6. A self-contained, motorized dampler for use in a ventilation system for a building having a room to be ventilated, said damper comprising:

an enclosed hollow housing having a bottom annular wall to be used for mounting said damper on a roof of said building, and a circular cylindrical side wall extending substantially at a right angle thereto;

said annular bottom defining in a center thereof an aperture for admitting air from the room into said hollow housing;

said side wall having a plurality of outlet apertures spaced apart circumferentially at equal angular distances from each other;

the total flow area of said outlet apertures being greater than the transverse cross-sectional area defined by said side wall;

a plurality of closure members mounted on said housing adjacent respective ones of said outlet apertures so as to close and open said outlet apertures in response to a requirement for ventilation of the room of the building;

said closure members each being hinged at a first end thereof to said hollow housing for swinging between a first position wherein said closure members are brought into registration with said side wall to close said outlet apertures, and a second position wherein said closure members are swung inwardly away from said side wall to open said outlet apertures; and

actuating means mounted on said housing and including a drive motor for conjointly and adjustably swinging said closure members in response to said requirement of ventilation between said first and second positions;

said drive motor fixedly mounted on said housing and having a rotatable shaft extending within said housing along a central axis of said side wall, said rotatable shaft having a radial lever member fixed thereto; and a linkage assembly arranged between said lever member and said closure members for conjointly swinging said closure members by an amount corresponding to the amount of rotation of said shaft.

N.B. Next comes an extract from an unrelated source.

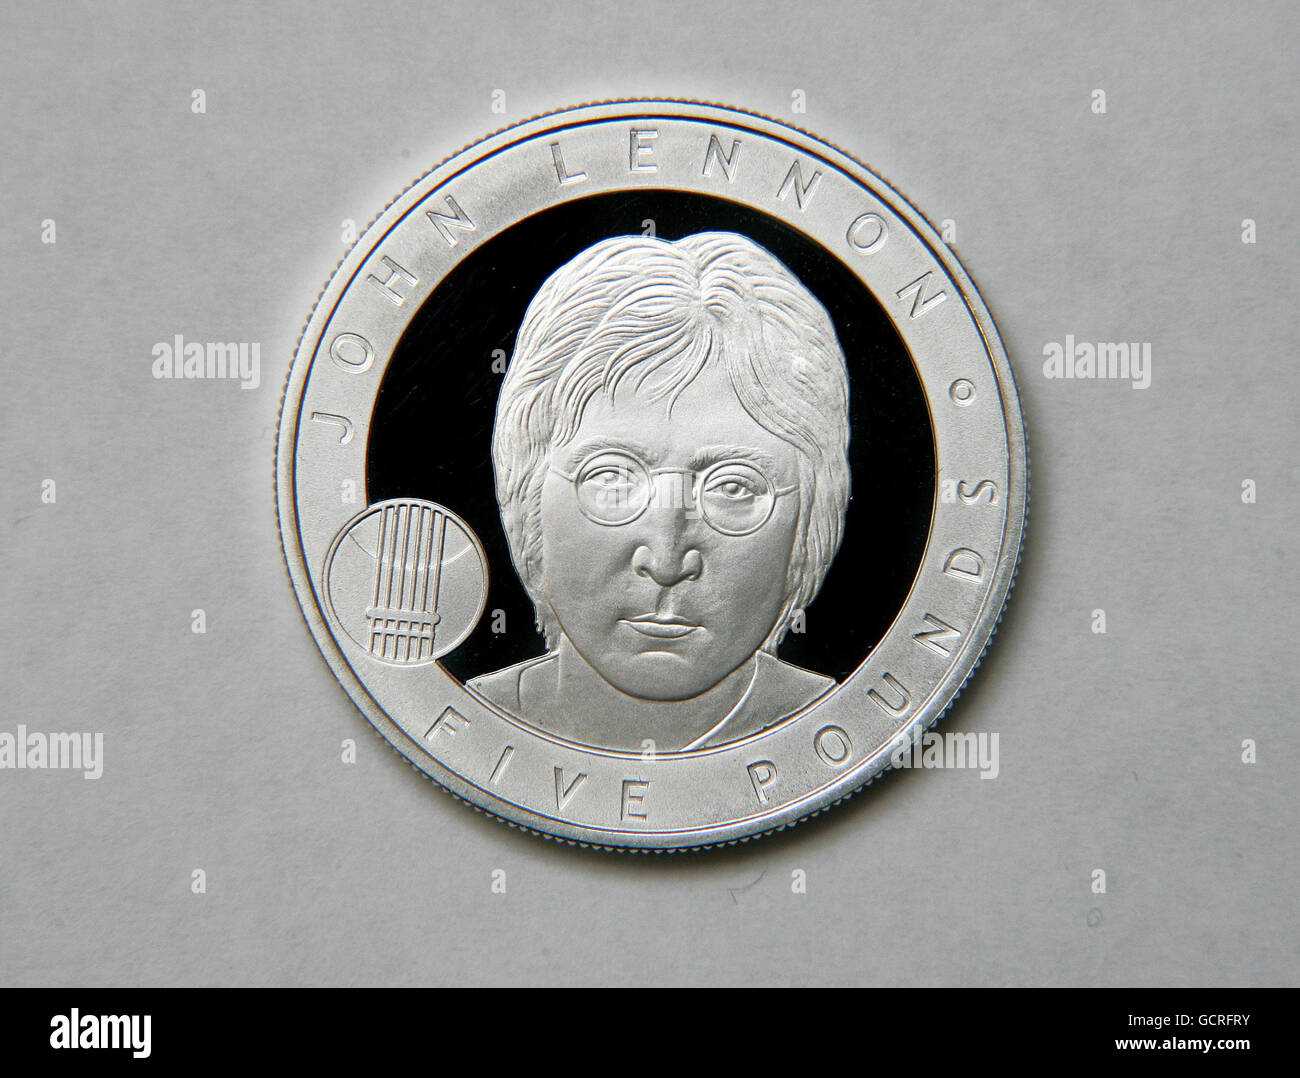 The Royal Mint's John Lennon 5 coin, which goes on sale today, after the former Beatle won a public vote to be the next Great Briton' to feature on a coin. Stock Photo

7. A self-contained damper according to claim 6, wherein said linkage assembly comprises, for each of said closure members, a link bar pivoted at an end thereof to an outer end of said radial lever member and at the other end thereof to a second end of said closure member.

8. A self-contained damper according to claim 7, wherein said housing comprises a horizontal top wall supporting said motor, and further comprising a roof member provided above said top wall for covering said motor and said housing.